6.6.5079H    PREEXISTING CONDITIONS - PERMISSIBLE RESTRICTIONS IN GROUP PLANS OTHER THAN SMALL EMPLOYER PLANS

(1) A group health plan or a health insurance issuer offering group health insurance coverage may not exclude coverage for a preexisting condition except as set forth in 33-22-514, MCA, and this rule.

(2) For purposes of a preexisting condition exclusion, medical advice, diagnosis, care, or treatment may be taken into account only if it is recommended by, or received from, an individual licensed or similarly authorized to provide such services under state law and operating within the scope of practice authorized by state law. A negative diagnosis does not constitute medical advice, diagnosis, care, or treatment for purposes of determining whether there is a preexisting condition.

(3) A preexisting condition exclusionary period may not exceed more than 12 months after the enrollment date, including exclusionary periods for late enrollees.

(4) Exclusionary riders are not permitted.
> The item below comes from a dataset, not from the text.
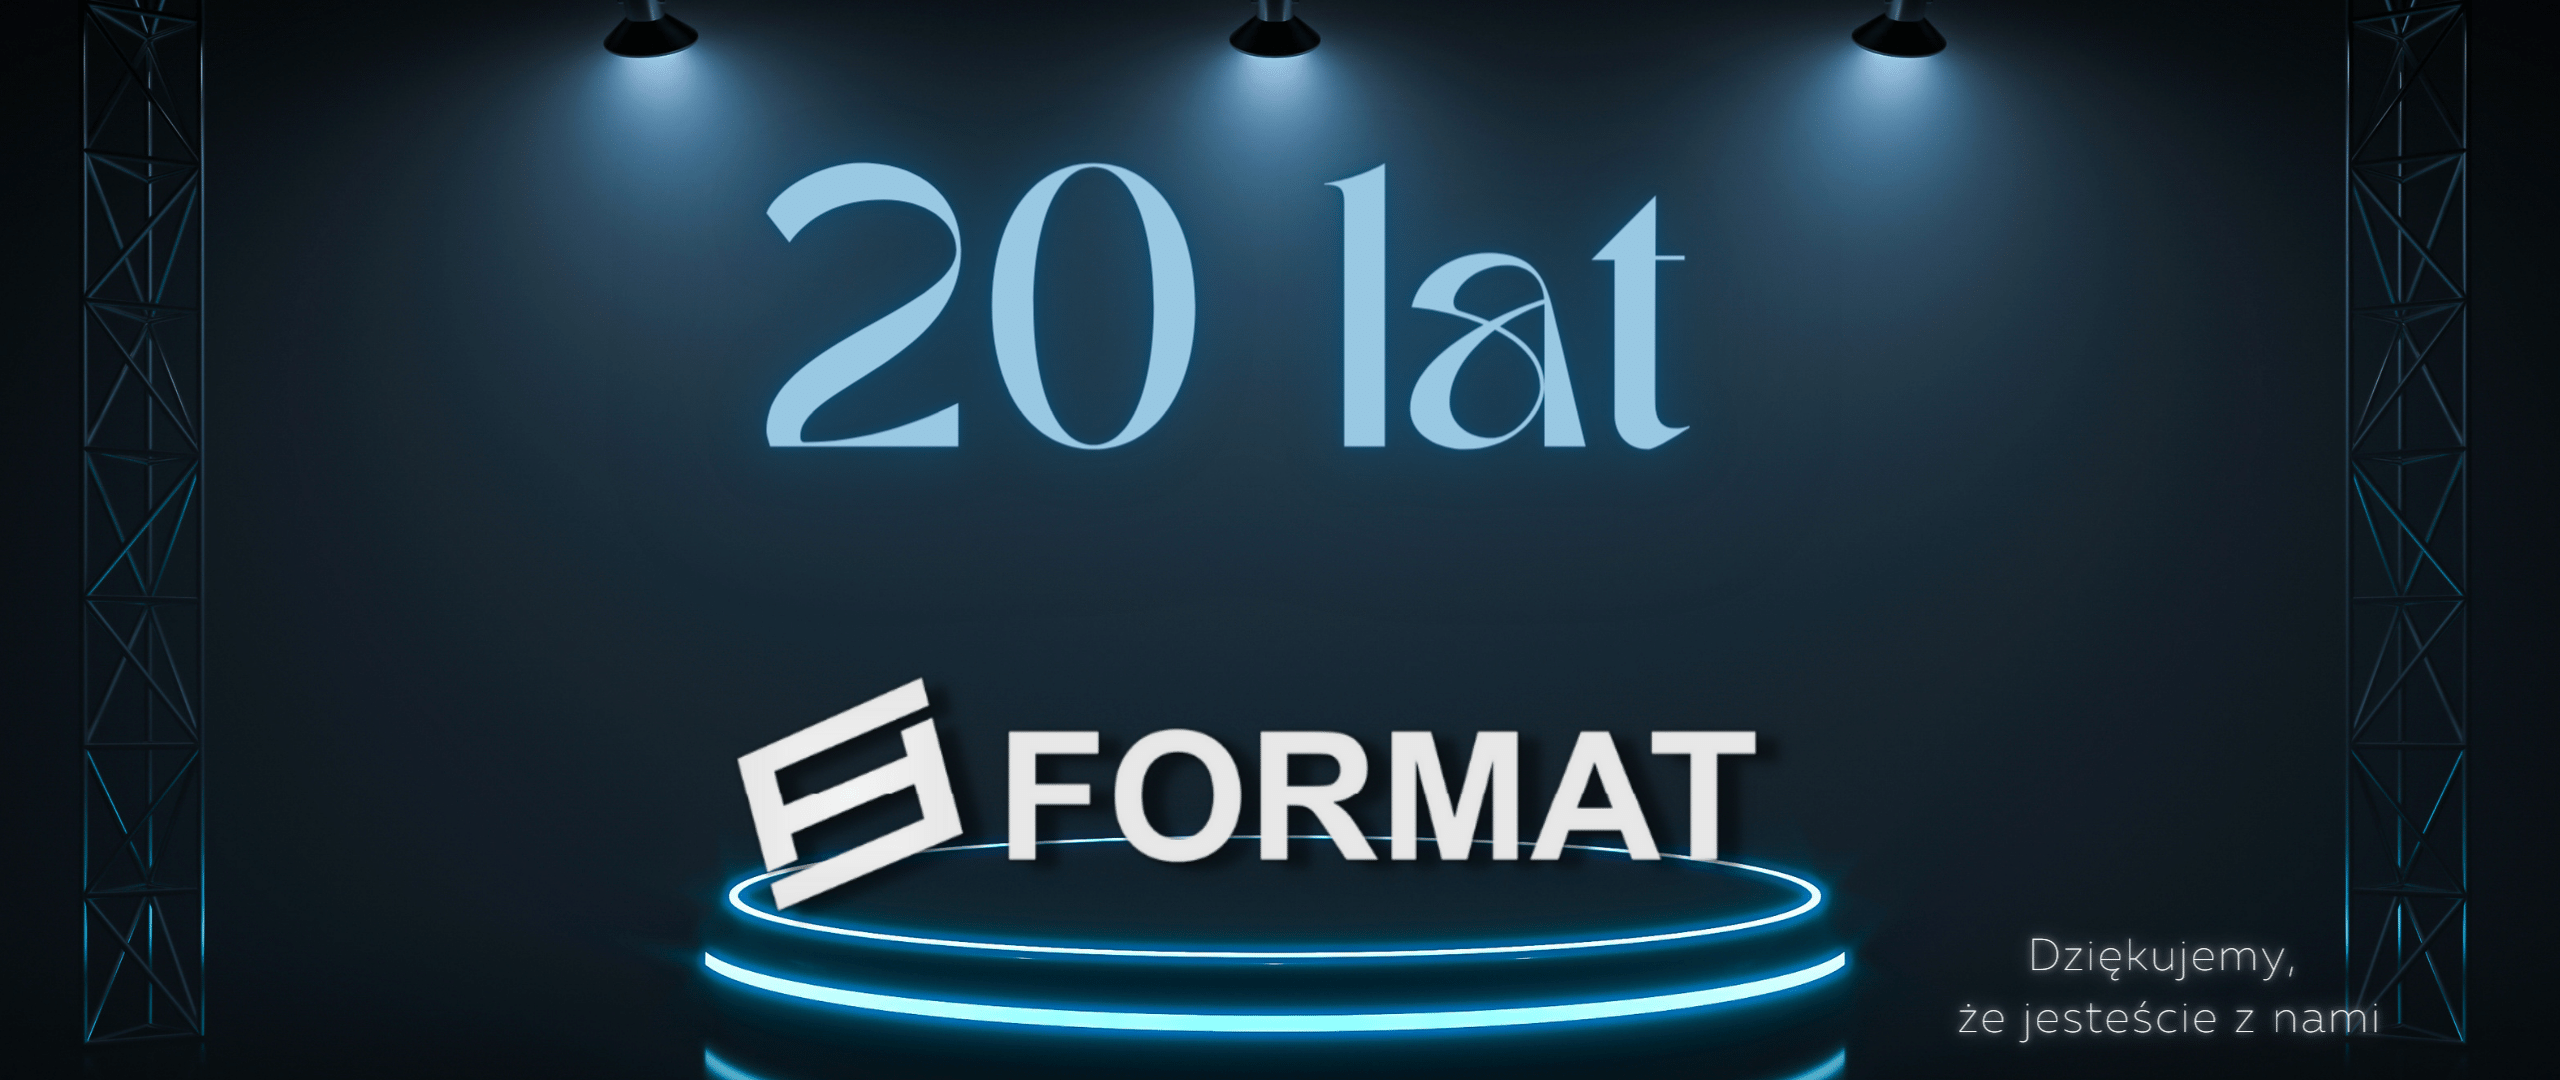 20 lat FORMAT-MS

(5) The following may not be excluded as a preexisting condition:

(a) Genetic information in the absence of diagnosis of the condition related to the genetic information;

(b) Pregnancy;

(c) Adopted children as set forth in 33-22-130, MCA; and

(d) Newborns as set forth in 33-22-504, MCA.

(6) A group health plan, and health insurance issuer offering group health insurance under the plan, may not impose a preexisting condition exclusion with respect to a participant or dependent of the participant before notifying the participant, in writing, of the existence and terms of any preexisting condition exclusion under the plan and of the rights of individuals to demonstrate creditable coverage (and any applicable waiting periods) . The description of the rights of individuals to demonstrate creditable coverage includes a description of the right of the individual to request a certificate from a prior plan or issuer, if necessary, and a statement that the current plan or issuer will assist in obtaining a certificate from any prior plan or issuer, if necessary.

History: Sec. 33-22-143, MCA; IMP, Sec. 33-22-514, MCA; NEW, 1998 MAR p. 1698, Eff. 6/26/98.